Predicting Stellar-Mass Black Hole Populations in Globular Clusters

Recent discoveries of black hole (BH) candidates in Galactic and extragalactic globular clusters (GCs) have ignited interest in understanding how BHs dynamically evolve in a GC and the number of BHs ($N_{\rm{BH}}$) that may still be retained by today's GCs. Numerical models show that even if stellar-mass BHs are retained in today's GCs, they are typically in configurations that are not directly detectable.

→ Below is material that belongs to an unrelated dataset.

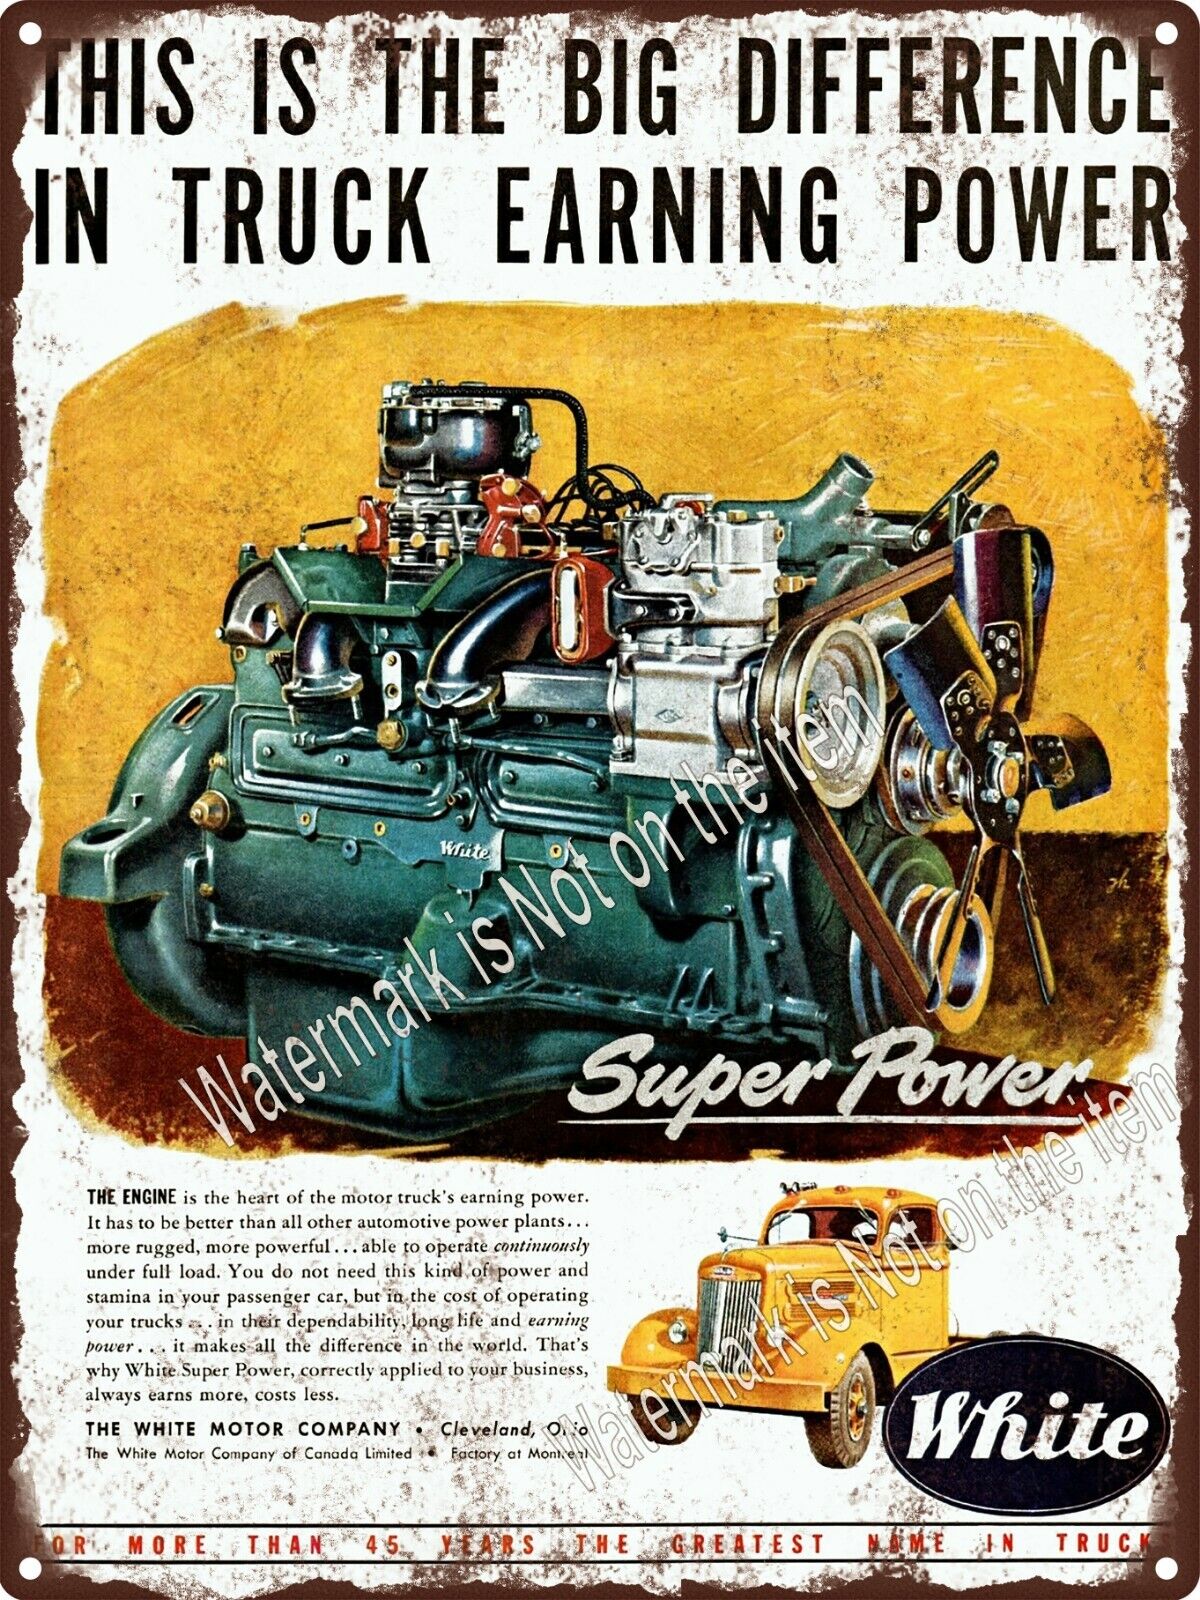 1949 White Truck ad with vintage illustration by John C Howard.
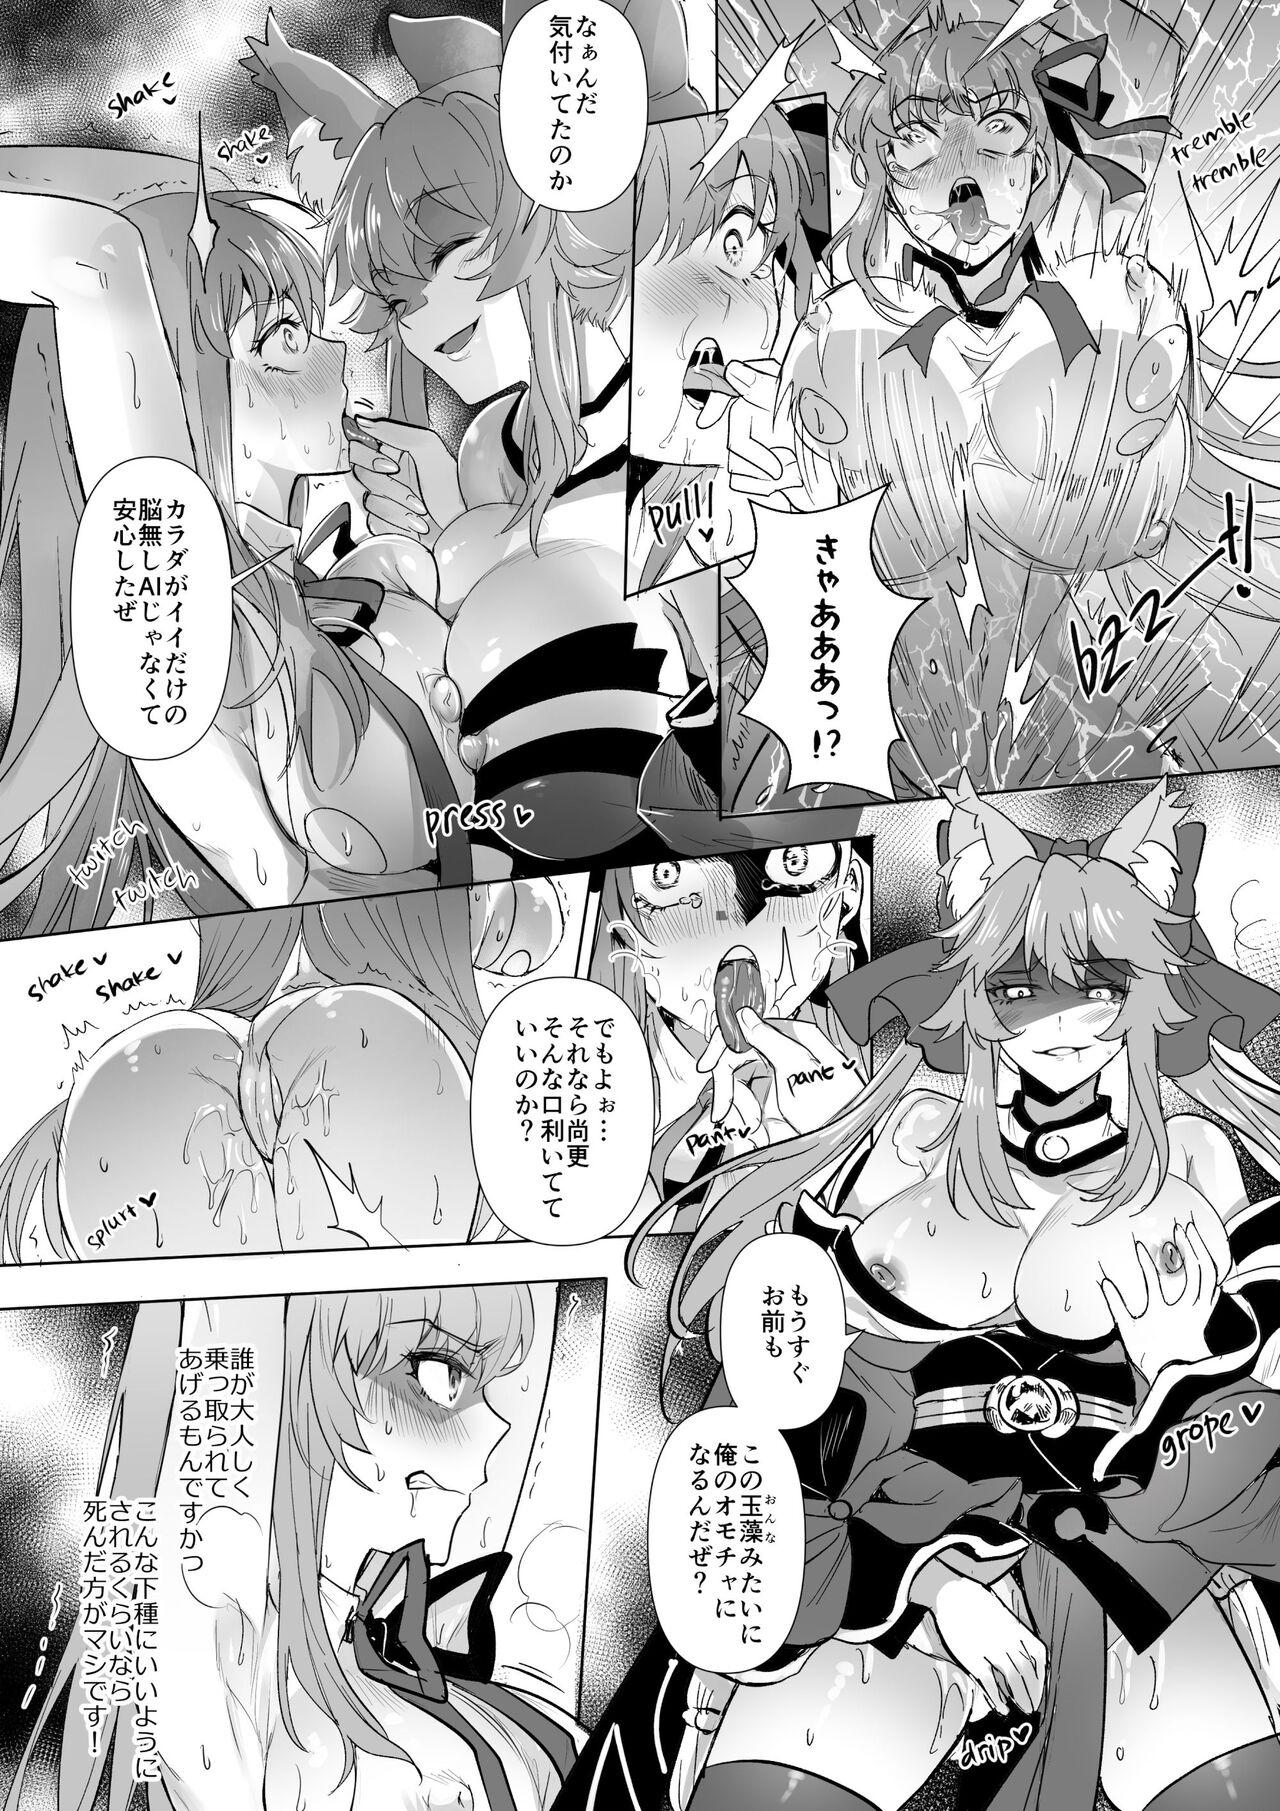 Prima FGO BB&ランサーアルトリア憑依 - Fate grand order Group - Page 3

We show that a suitably defined measure of mass segregation ($\Delta$) between, e.g., giants and low-mass main-sequence stars, can be an effective probe to indirectly estimate $N_{\rm{BH}}$ in a GC aided by calibrations from numerical models. Using numerical models including all relevant physics we first show that $N_{\rm{BH}}$ is strongly anticorrelated with $\Delta$ between giant stars and low-mass main-sequence stars. We apply the distributions of $\Delta$ vs $N_{\rm{BH}}$ obtained from models to three Milky Way GCs to predict the $N_{\rm{BH}}$ retained by them at present. We calculate $\Delta$ using the publicly available ACS survey data for 47 Tuc, M 10, and M 22, all with identified stellar-mass BH candidates. Using these measured $\Delta$ and distributions of $\Delta$ vs $N_{\rm{BH}}$ from models as calibration we predict distributions for $N_{\rm{BH}}$ expected to be retained in these GCs. For 47 Tuc, M 10, and M 22 our predicted distributions peak at $N_{\rm{BH}}\approx20$, $24$, and $50$, whereas, within the $2\sigma$ confidence level, $N_{\rm{BH}}$ can be up to $\sim150$, $50$, and $200$, respectively.